■ What is required: Take the material below and reproduce, word for word, only the lines from the line with "Mini GT x Kaido★House" through the line with "Volleyballcamp in München vom 12.-14.5 2023".

■ Exercise materials:
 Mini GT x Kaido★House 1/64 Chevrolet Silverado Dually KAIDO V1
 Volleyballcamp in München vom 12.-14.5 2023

* * *

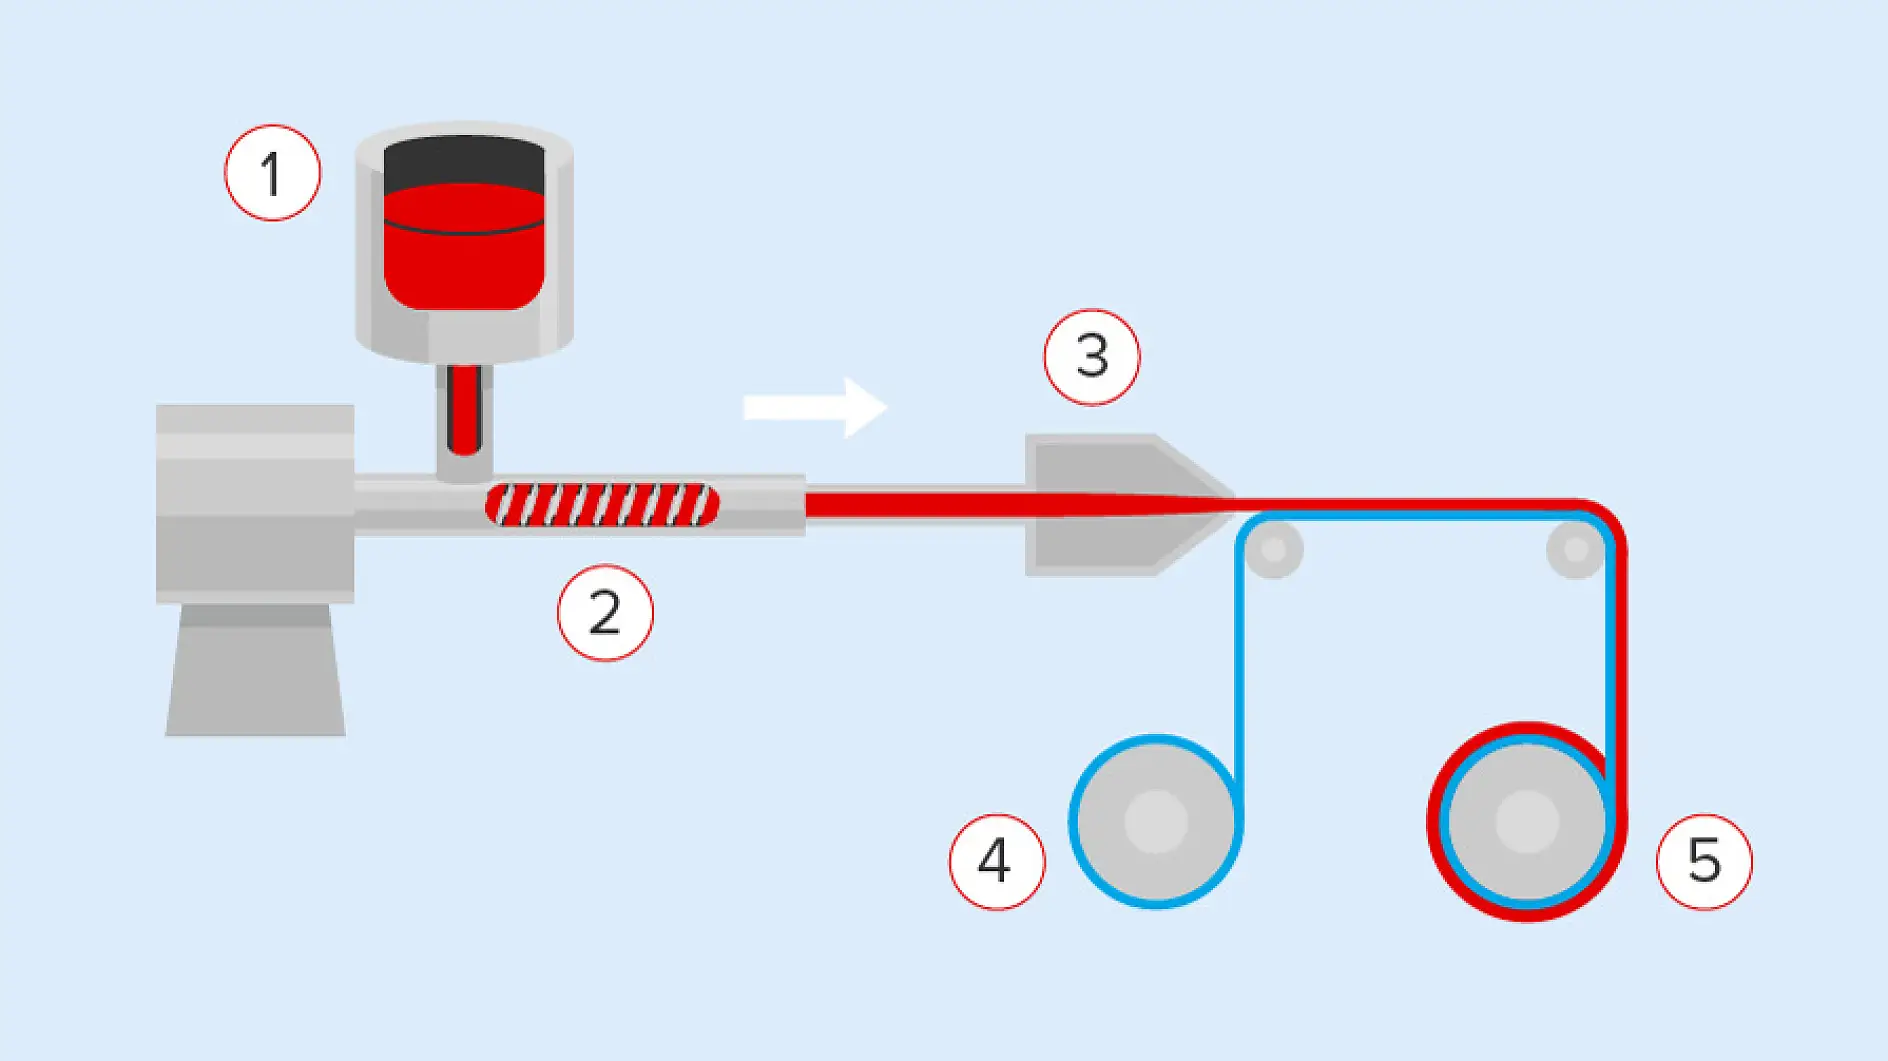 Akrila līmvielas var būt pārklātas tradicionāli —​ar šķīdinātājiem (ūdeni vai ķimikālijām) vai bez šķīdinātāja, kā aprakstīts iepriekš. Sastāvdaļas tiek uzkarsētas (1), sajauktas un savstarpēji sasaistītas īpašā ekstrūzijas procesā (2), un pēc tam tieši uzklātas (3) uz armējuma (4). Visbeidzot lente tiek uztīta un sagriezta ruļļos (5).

■ Result for this task:
 Mini GT x Kaido★House 1/64 Chevrolet Silverado Dually KAIDO V1
 Volleyballcamp in München vom 12.-14.5 2023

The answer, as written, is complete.